Daarna komen andere projecten in aanmerking. Deze worden gerangschikt op het gemiddelde geluidniveau op de gevel van de 50 hoogst belaste te saneren gebouwen binnen het project. Het doel hiervan is dat de gebouwen met het hoogste geluidniveau op de gevel als eerste in aanmerking komen voor sanering, omdat hogere geluidniveaus in het algemeen ook leiden tot meer hinder en negatieve gezondheidseffecten. Dit leidt ook tot een relatieve voorrang voor projecten met een groot aandeel saneringsgebouwen, met een geluidniveau op de gevel boven de grenswaarde. Deze prioritering wijkt nauwelijks af van de Ssv. De voorrang van projecten in combinatie met verduurzaming krijgt hiermee wel meer nadruk. Onder de Ssv was deze mogelijkheid er ook, maar werd hiervan geen gebruik gemaakt.

Het vierde lid regelt dat aanvragen die wegens het bereiken van het plafond werden geweigerd, in het daaropvolgende kalenderjaar opnieuw deelnemen aan de rangschikking. Het vijfde lid zorgt ervoor dat aanvragen die in een vorig tijdvak geweigerd zijn, in het volgende tijdvak een hogere prioriteit krijgen doordat 1 dB wordt opgeteld bij de gemiddelde geluidbelasting als bedoeld in het derde lid.

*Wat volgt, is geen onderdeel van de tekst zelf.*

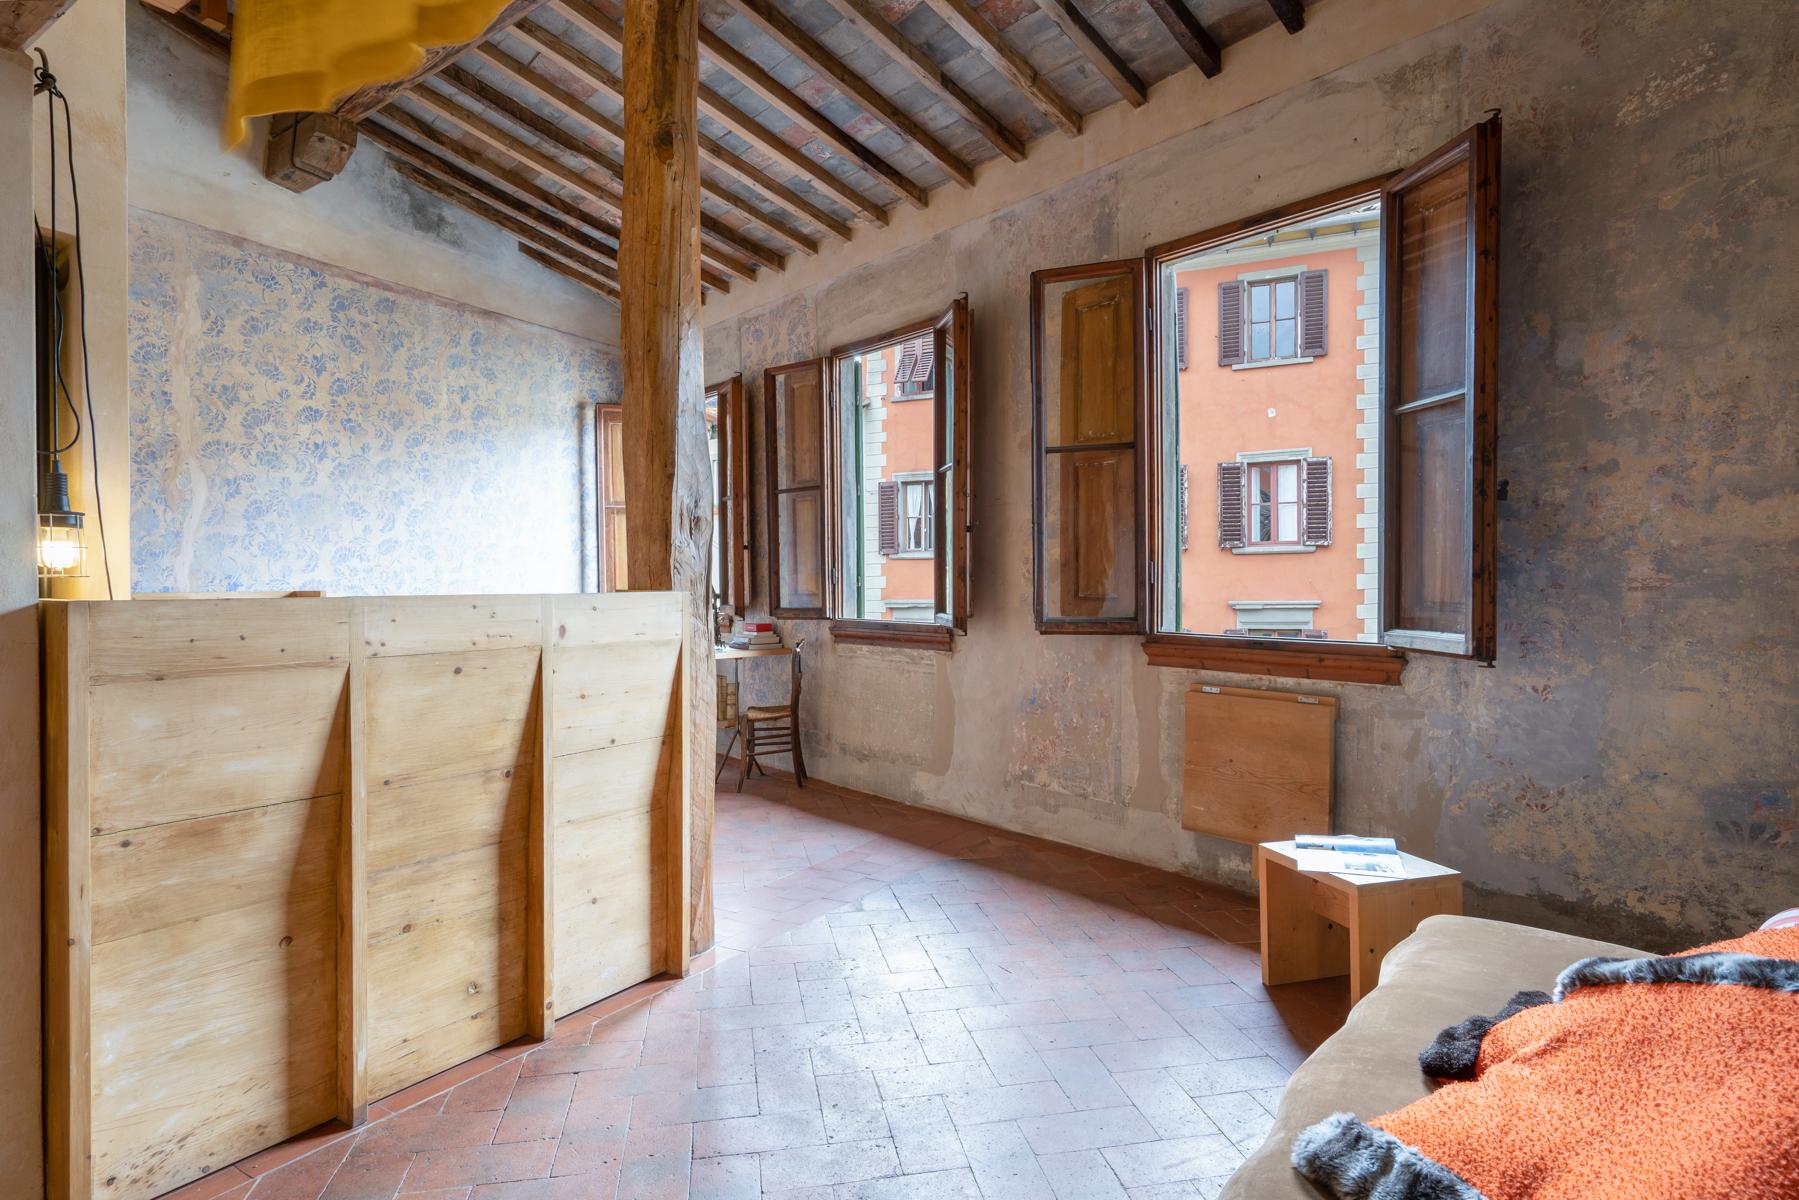 Appartamento in Vendita a Firenze: 4 locali, 120 mq - Foto 4

Het zesde lid heeft tot doel om het beschikbare budget zo volledig mogelijk uit te putten. Als uit de rangschikking blijkt dat een project niet meer in aanmerking komt voor een bijdrage vanwege het dreigend overschrijden van het plafond, terwijl er nog een restbedrag is, dan kan worden gekeken of er een lager gerangschikt project is, dat wel uit dit restbedrag kan worden verleend. In afwijking van de rangschikking kan dan een bijdrage worden verleend voor het eerstvolgende lager gerangschikte project waarvoor wel voldoende budget is.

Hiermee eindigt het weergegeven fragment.